However, just getting the output from the model isn't enough. Now we have to do bit more work to post-process the output and extract things like nanomembrane yield, sizes and other interesting data!

First lets divide up the output of the neural net for further processing:

In [None]:
cl = np.array(outputs["instances"].pred_classes.cpu())  # Classes
s = np.array(outputs["instances"].scores.cpu()) # Prediction scores
b =  np.array([x.numpy() for x in outputs["instances"].pred_boxes])  # Bounding boxes
c = np.array(outputs["instances"].pred_boxes.get_centers())  # Bounding box centres
m =  np.array([x.numpy() for x in outputs["instances"].pred_masks])  # Segmentation masks

Now we can loop over all the possible classes and display images with segmentation masks of each class individually.

In [None]:
for c in range(len(class_dict)):
  i_filt = list(np.argwhere(cl==c).flatten()) # Choose only the indixes with specific class

  print(f"{inv_class_dict[str(c+1)]}:")

  # We can use Visualizer to draw the predictions on the image.
  v = Visualizer(im_RGB[:, :, ::-1], MetadataCatalog.get(cfg.DATASETS.TEST[0]), scale=1.0)
  v = v.draw_instance_predictions(outputs["instances"][[i_filt]].to("cpu"))
  cv2_imshow(v.get_image()[:, :, ::-1])


Now we can start to mess around dimensional analysis.

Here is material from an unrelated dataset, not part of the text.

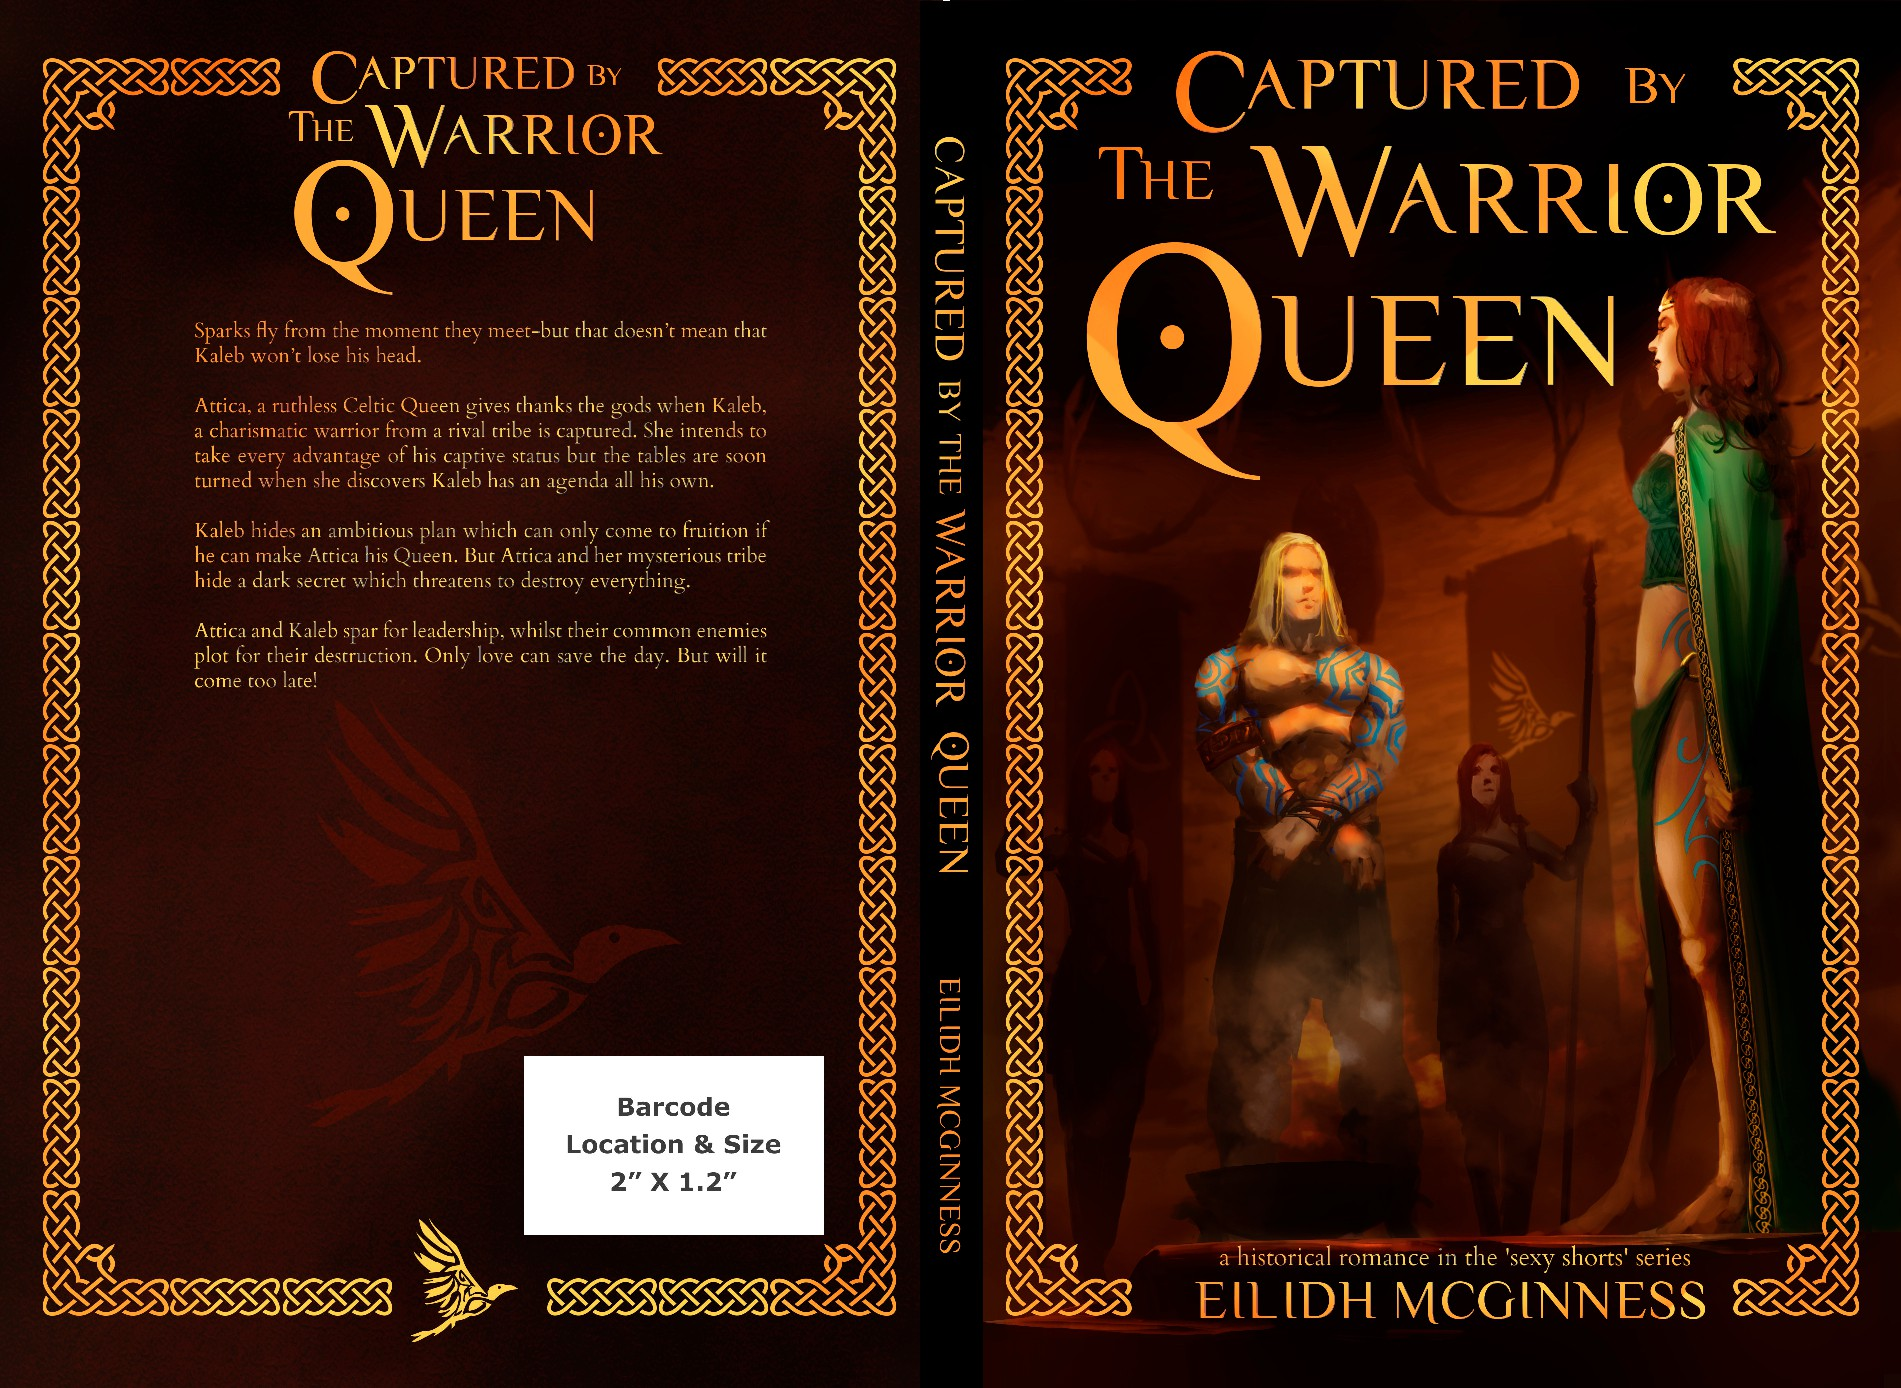 Captured by the Warrior Queen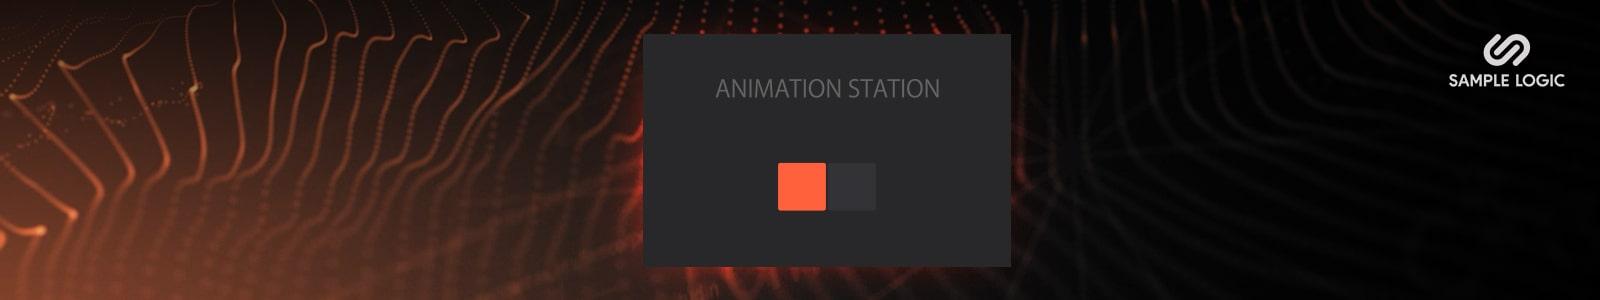 animation station by sample logic

But first let's extract the pixel size from the raw TIF image:

In [None]:
with tifffile.TiffFile(im_path) as tif:
    
    # Extract magnification data
    mag = tif.sem_metadata['ap_mag'][1] 
    if type(mag) is str:  # Apply correction for "k" ex: mag = "50 k"
        mag = float(mag.split(' ')[0]) * 1000
    else:
        mag = float(mag)

    # Extract pixel size data
    pixel_size = float(tif.sem_metadata['ap_pixel_size'][1])  # nm
    if 'µm' in tif.sem_metadata['ap_pixel_size'][2]: # Correction for um
        pixel_size *= 1000

    # Extract tilt data
    tilt = tif.sem_metadata['ap_tilt_angle'][1] # degrees
    # tilt = tif.sem_metadata['ap_stage_at_t'][1]  # might be equivalent, not sure

pixel_size_x = pixel_size  # nmd
pixel_size_y = pixel_size / np.cos(np.deg2rad(tilt))  # nm

Let's start with slit length/width.

In [None]:
i_filt = list(np.argwhere(cl+1==int(class_dict['slit'])).flatten()) # Choose only the indixes with specific class
b_slits = b[i_filt]

slit_widths = (b_slits[:,3] - b_slits[:,1]) * pixel_size_y
slit_lengths = (b_slits[:,2] - b_slits[:,0]) * pixel_size_x

print(f"Mean slit width: {slit_widths.mean():.0f} +/- {slit_widths.std():.0f} nm")
print(f"Mean slit length: {slit_lengths.mean():.0f} +/- {slit_lengths.std():.0f} nm")